Ci siamo sorpresi entrambi del nostro stupore. E il diario? chiedo io, così come avrei potuto dire hai preso la merenda, hai chiuso la porta, prendi il golf che fa freddo, tutte quelle inutili cose che diciamo noi mamme e che potremmo evitare benissimo (lo sappiamo eccome se lo sappiamo), ma che non riusciamo a non pronunciare salvo poi morderci la lingua una volta dette…
È che a volte, anzi spesso, ci troviamo a fare quelle domande che si chiamano «retoriche» proprio perché non hanno bisogno di una risposta: già la conosci. E in questo caso, già lo sai che sarà una cosa tra il mugugno e lo sbruffo con lo sguardo tra l’infastidito e l’interrogativo.
Invece la risposta c’è stata. Ed è stata una domanda: quale diario, mamma?
Oibò.
Ma come «quale diario»? Il diario, d-i-a-r-i-o, il diario di scuola, quello che tutti gli anni, ogni anno da anni ogni bravo o non bravo studente senza distinzioni di genere o status, compra insieme ai libri, anzi prima ancora dei libri. Da che scuola è scuola, generazioni di ragazzi hanno speso ore o si sono innamorati al primo colpo, scegliendo tra pile di libretti con le copertine colorate e con i fumetti, con le frasi per sognare, le battute per ridere.
Insomma dai… il diario.

La scelta è un rito, parla dell’anno che verrà, di quello che sei e di chi vorrai essere, è come decidere il compagno di banco che neanche quello ti scegli più. È un altro degli strascichi del Covid: il virus s’è mangiato pure i diari. Il caro diario è diventato il caro estinto. Non servono. Cioè, magari per chi è alle elementari e anche alle medie forse ancora sì, ma alle superiori è sparito, proprio alle superiori dove il diario diventa davvero quello che è. Che non ha niente a che vedere con i compiti da segnare. Per carità ci sono anche quelli, ma «anche».
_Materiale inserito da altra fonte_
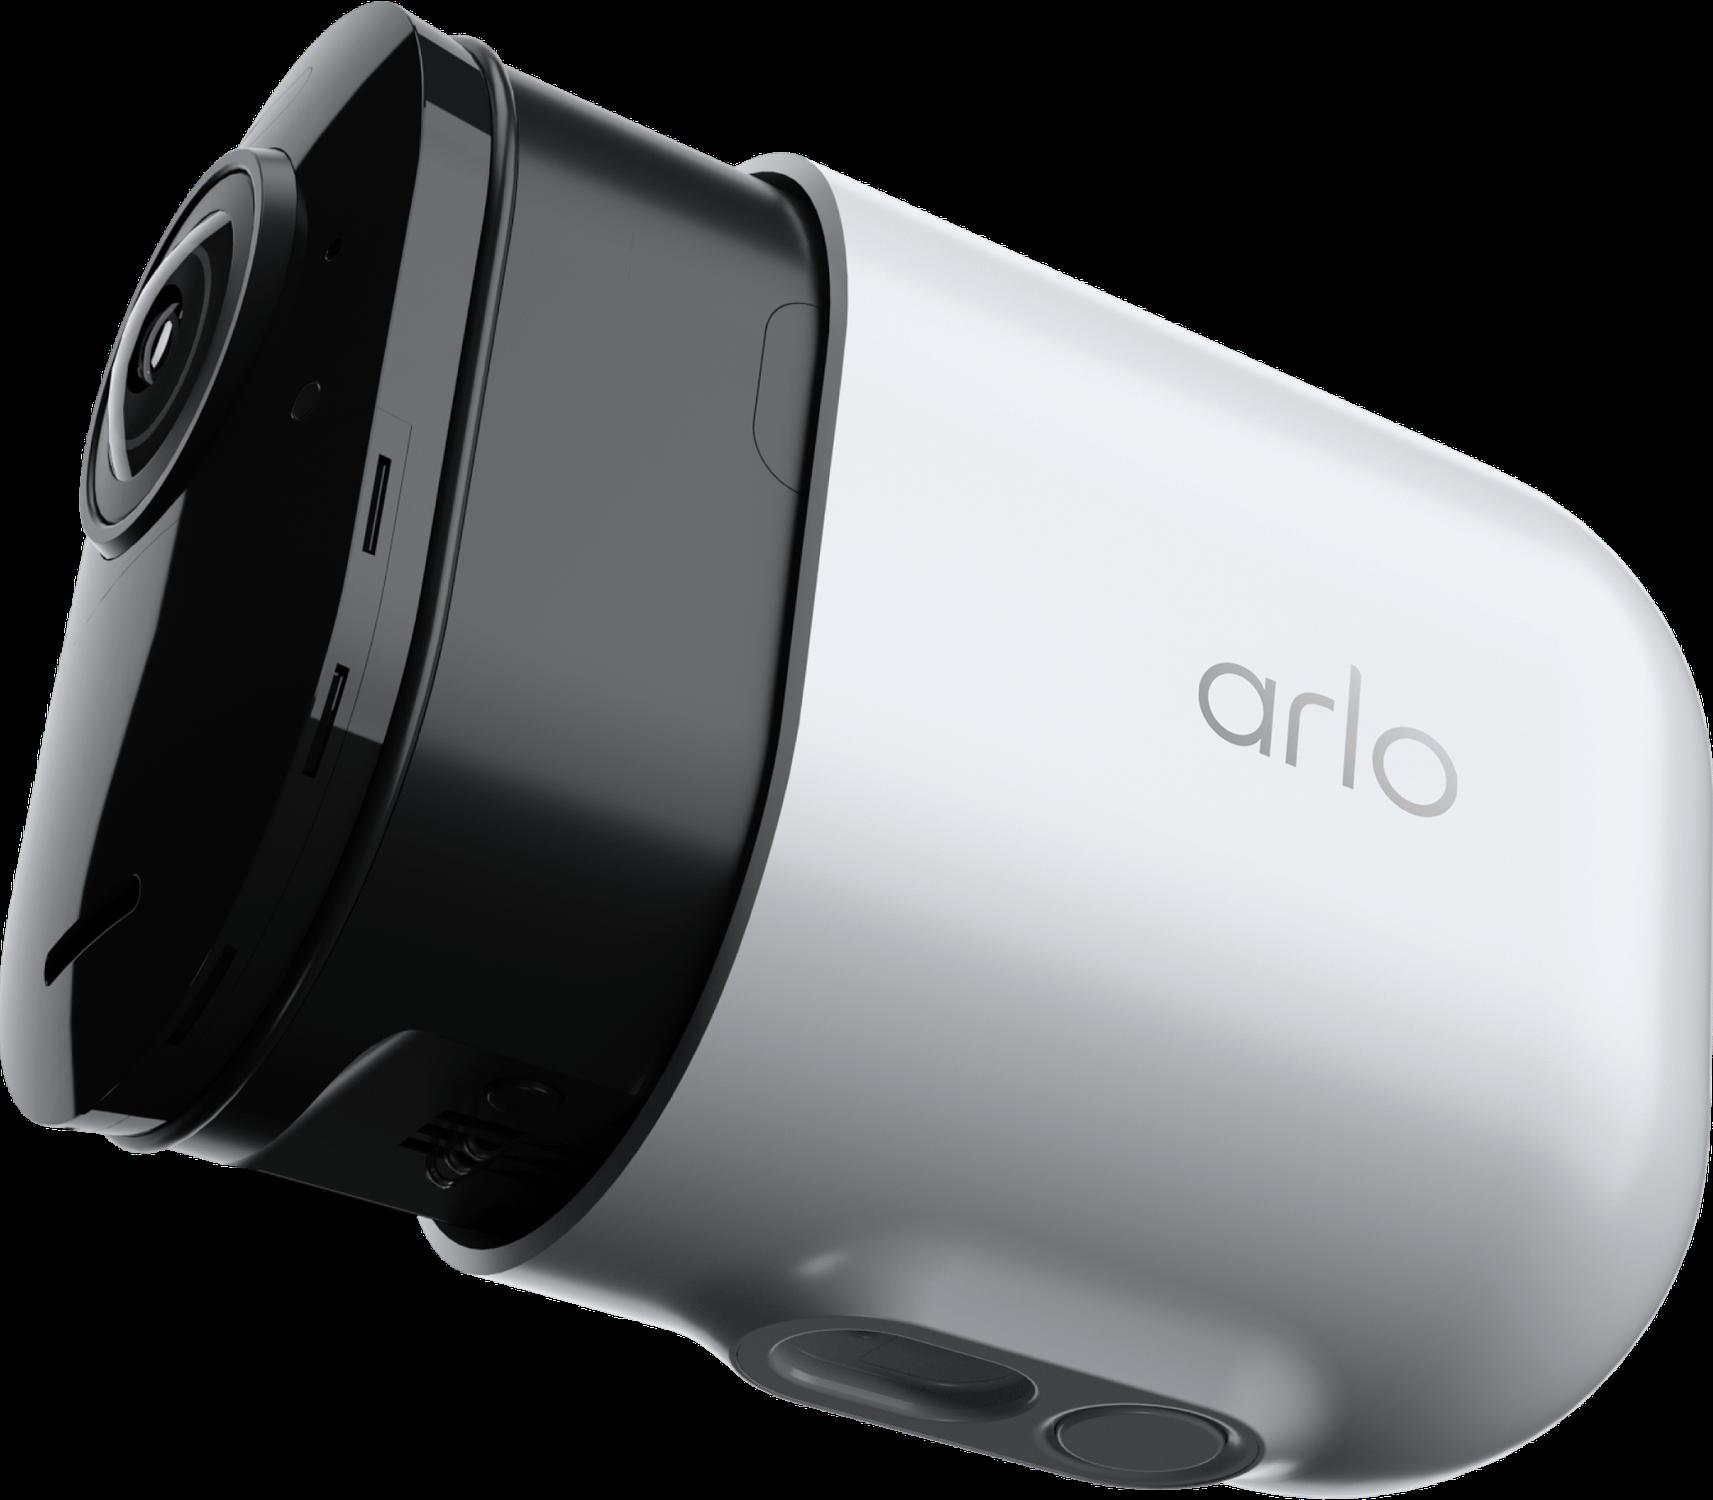 Hyper-realistic 3D render of Arlo security camera.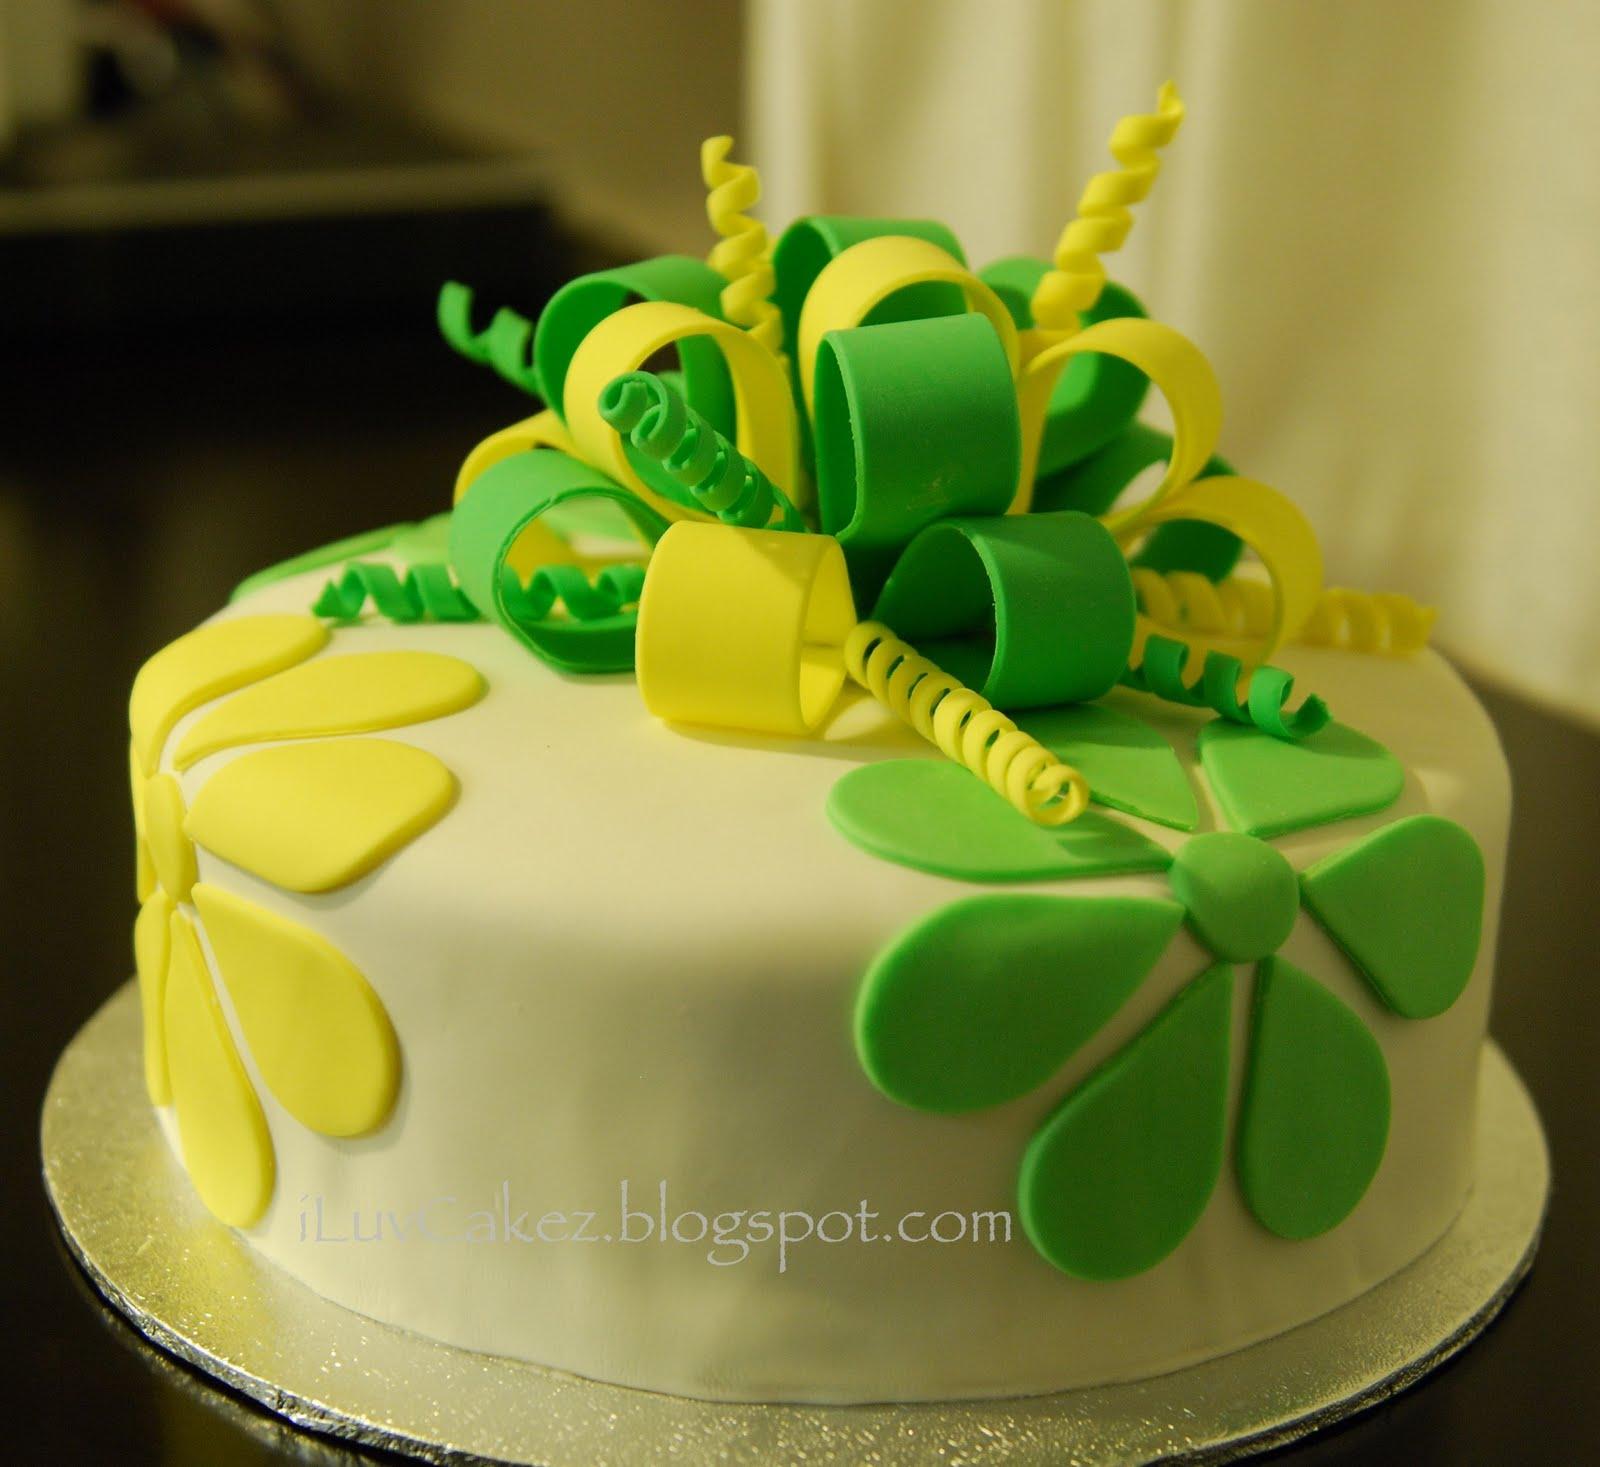 iLuv Cakez: Misato's 12th Birthday Cake (Green & Yellow Bow)

Tra le pagine dei diari di scuola sono nati e finiti amori mai vissuti, sono nascosti sfoghi e parolacce. Il diario è l’evasione dalla classe mentre il prof parla e parla e parla e parla, è scarabocchi e ammiccamenti, il luogo segreto, lo spazio personale in luogo pubblico.

E poi è anche «portami il diario», con le comunicazioni scuola-famiglia, cioè le note. «Suo figlio non era attento», «non aveva fatto i compiti» si prega restituire con firma del genitore. Bastavano quelle due righe e addio uscite, sabati sera, via il telefono, play e compagnia bella (o brutta). La vita del diario era diventata già un po’ precaria quando il registro elettronico si è imposto in classe. Il covid gli ha dato la botta finale: annientato.

D’altronde a che serve adesso? risponde lo studente poco romantico tornato in presenza dopo due anni vissuti poco pericolosamente quasi interamente on line, ma ormai abituato a visualizzare i compiti in «bacheca», con le note in arrivo con un bip sullo smartphone, il registro che segna in tempo reale le assenze anche per il minuto di ritardo e i compiti inviati in formato pdf o jpg su piattaforme tecnologiche. Già a che serve?

Effettivamente è tutto più efficiente e più trasparente, forse anche fin troppo alla luce del sole. A partire dal primo giorno di prima superiore quando le facce dei compagni le conosci tutte perché con la lista dei cognomi in mano è partito il tam tam su Instagram e ti sei già spoilerato la più carina o il più figo. I voti arrivano con un clic e li sanno prima i genitori dei figli. Impossibile tenere nascosto un 3 figuriamoci poi balzare un giorno di scuola. Sgamati subito, e forse, anzi sicuramente, è un bene ma mette un po’ di tristezza perché chi non aveva mai balzato un compito prima di arrivare all’ultimo anno di liceo, ai nostri tempi, non era considerato poi mica tanto normale.

È la nuova scuola bellezza. Più tecnologica, più efficiente, più trasparente più molte cose meno una: per dirla alla Kierkegaard forse più un problema da risolvere che non un mistero da vivere.